The thing is that this is genuinely useful to Googlers as well. If they’re internally dogfooding their tools and models for coding, it seems likely that things will improve.

varunr89|9 days ago

What do you think Microsoft is doing? :)

spankalee|10 days ago

> Claude is definitively trained on the process of coding not just the code

This definitely feels like it.

It's hard to really judge, but Gemini feels like it might actually write better code, but the _process_ is so bad that it doesn't matter. At first I thought it was bad integration by the GitHub Copilot, but I see it elsewhere now.

juleiie|10 days ago

I don’t think Gemini writes better code, not 3.0 at least.

Maybe with good prompt engineering it does? admittedly I never tried to tell it to not hard code stuff and it just was really messy generally. Whereas Claude somehow can maintain perfect clarity to its code and neatness and readability out of the box.

Claude’s code really is much easier to understand and immediately orient around. It’s great. It’s how I would write it for myself. Gemini while it may work is just a total mess I don’t want to have in my codebase at all and hate to let it generate my files even if it sometimes finds solutions to problems Claude doesn’t, what’s the use of it if it is unreadable and hard to maintain.

andai|10 days ago

Tell me more about Codex. I'm trying to understand it better.

I have a pretty crude mental model for this stuff but Opus feels more like a guy to me, while Codex feels like a machine.

I think that's partly the personality and tone, but I think it goes deeper than that.

(Or maybe the language and tone shapes the behavior, because of how LLMs work? It sounds ridiculous but I told Claude to believe in itself and suddenly it was able to solve problems it wouldn't even attempt before...)

fhub|10 days ago

> Opus feels more like a guy to me, while Codex feels like a machine

I use one to code and the other to review. Every few days I switch who does what. I like that they are different it makes me feel like I'm getting different perspectives.

bluegatty|10 days ago

Your intuition is exactly correct - it's not just 'tone' it's 'deeper than that'.

Codex is a 'poor communicator' - which matters surprisingly a lot in these things. It's overly verbose, it often misses the point - but - it is slightly stronger in some areas.

Also - Codex now has 'Spark' which is on Cerebras, it's wildly fast - and this absolutely changes 'workflow' fundamentally.

With 'wait-thinking' - you an have 3-5 AIs going, because it takes time to process but with Cerebras-backed models ... maybe 1 or 2.

Basically - you're the 'slowpoke' doing the thinking now. The 'human is the limiting factor'. It's a weird feeling!

Codex has a more adept 'rollover' on it's context window it sort of magically does context - this is hard to compare to Claude because you don't see the rollover points as well. With Claude, it's problematic ... and helpful to 'reset' some things after a compact, but with Codex ... you just keep surfing and 'forget about the rollover'.

This is all very qualitative, you just have to try it. Spark is only on the Pro ($200/mo) version, but it's worth it for any professional use. Just try it.

In my workflow - Claude Code is my 'primary worker' - I keep Codex for secondary tasks, second opinions - it's excellent for 'absorbing a whole project fast and trying to resolve an issue'.

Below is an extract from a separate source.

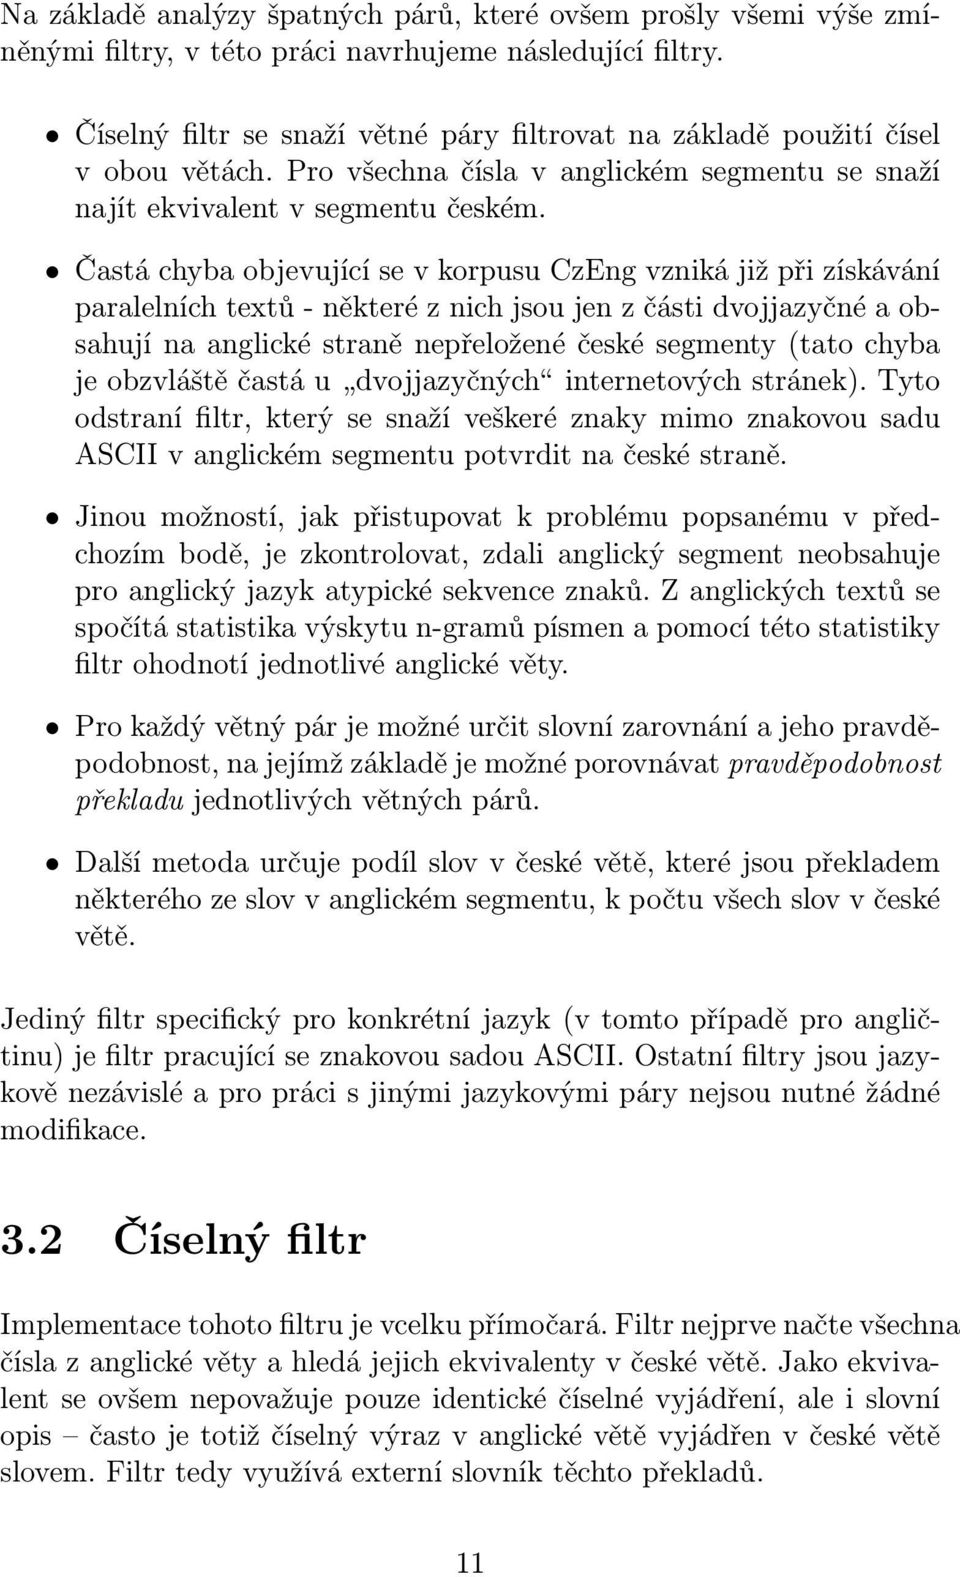 Častá chyba objevující se v korpusu CzEng vzniká již při získávání paralelních textů - některé z nich jsou jen z části dvojjazyčné a obsahují na anglické straně nepřeložené české segmenty (tato chyba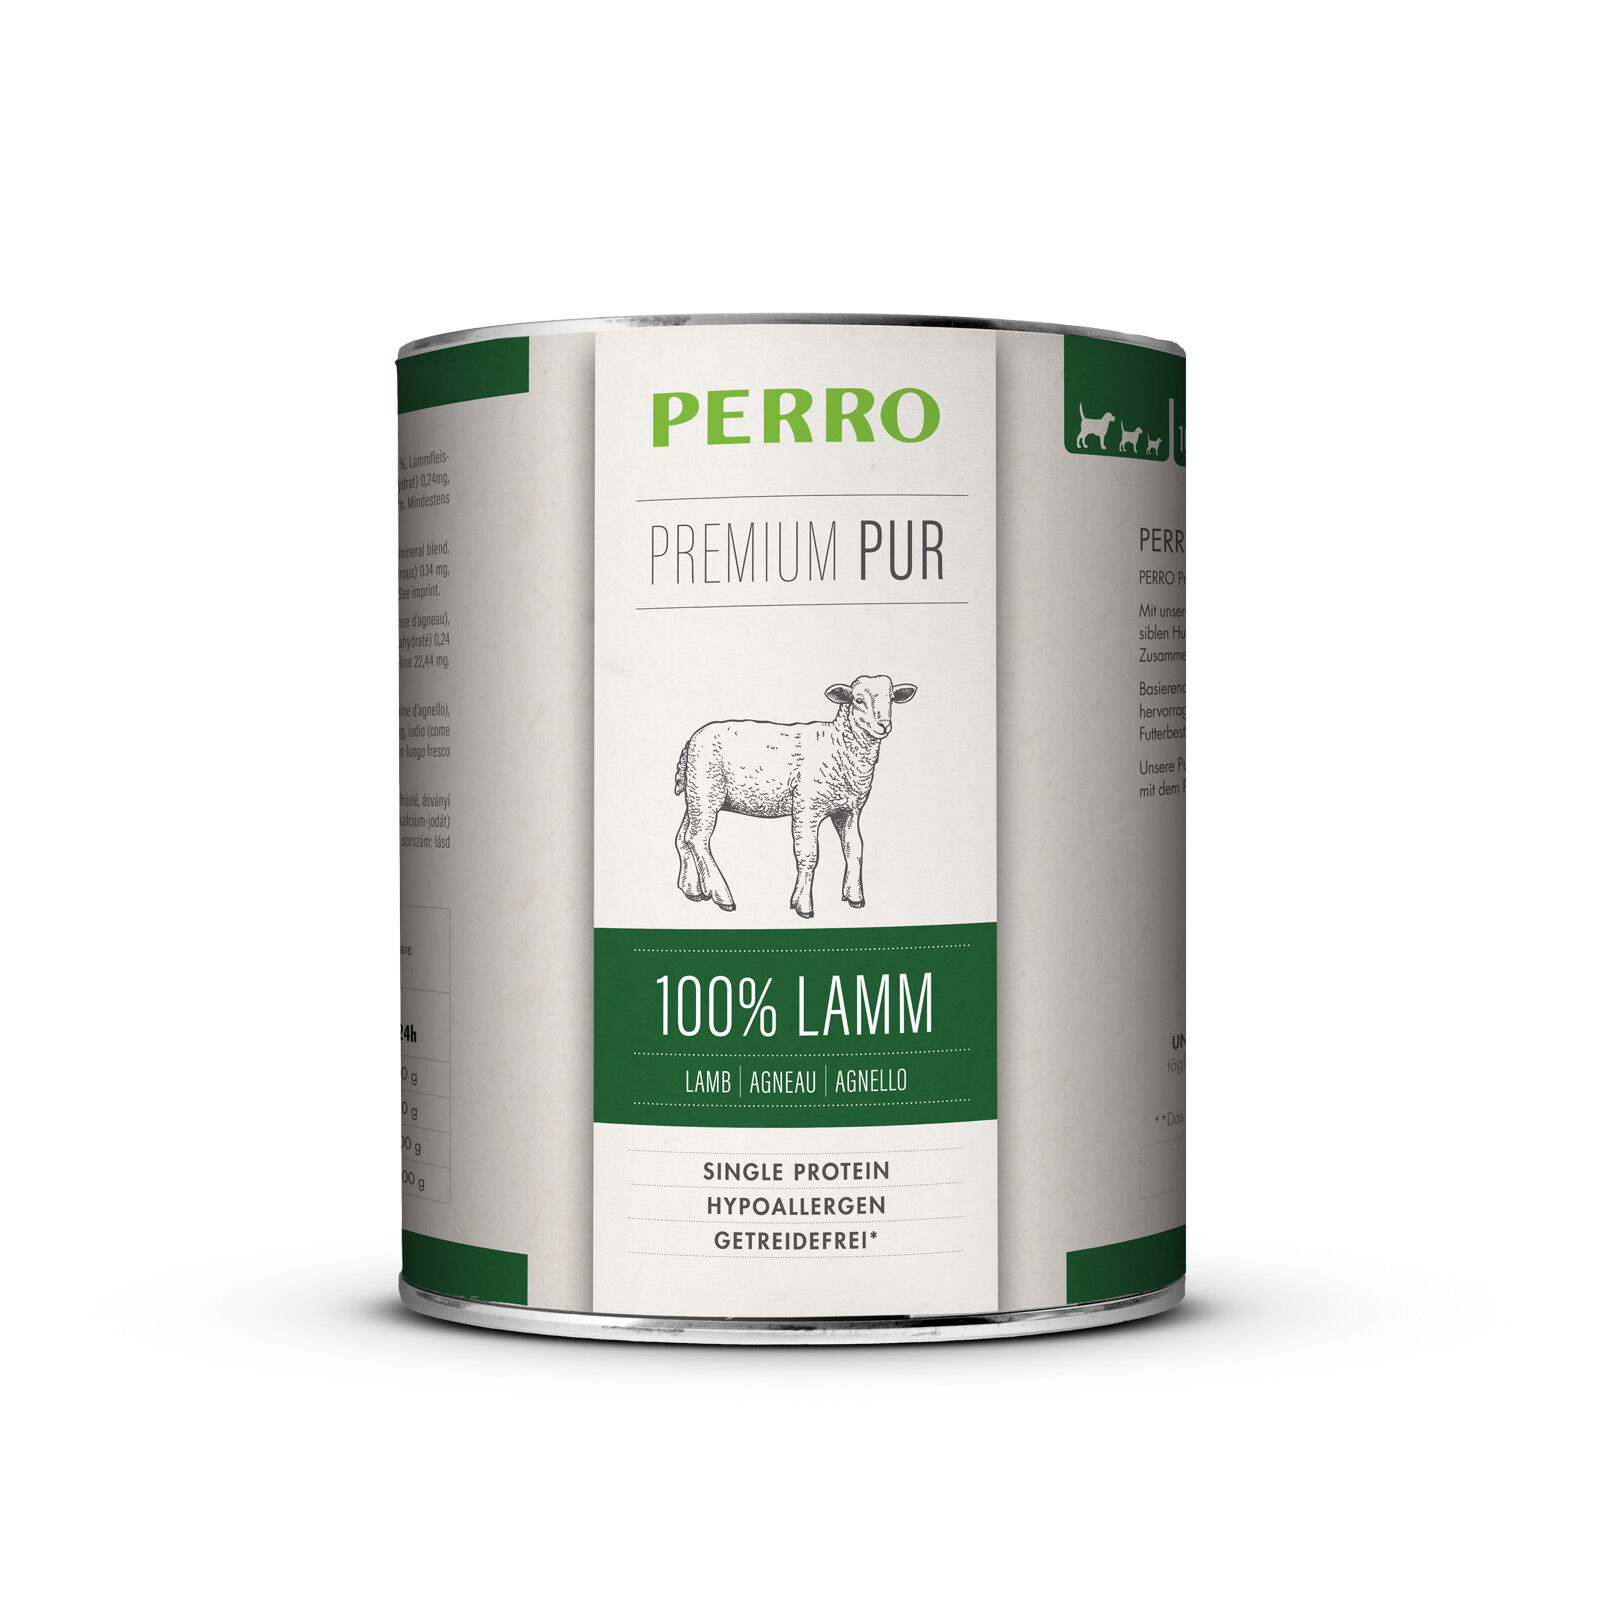 PERRO Premium Pure Lamb

Finally - there is a 'secret' way to use Gemini. You can use gemeni cli, and then in 'models/' there is a way to pick custom models. In order to make Gem3 Pr avail, there is some other thing you have to switch (just ask the AI), and then you can get at Gem3 Pro.

You will very quickly find what the poster here is talking about: it's a great model, but it's a 'Wild Stallion' on the harness. It's worth trying though. Also note it's much faster than Claude as well.

teaearlgraycold|10 days ago

> Claude is definitively trained on the process of coding not just the code, that much is clear.

Nuance like this is why I don’t trust quantitative benchmarks.

esoterae|9 days ago

The full aphorism is:

Jack of all trades, master of none, is oftentimes better than master of one.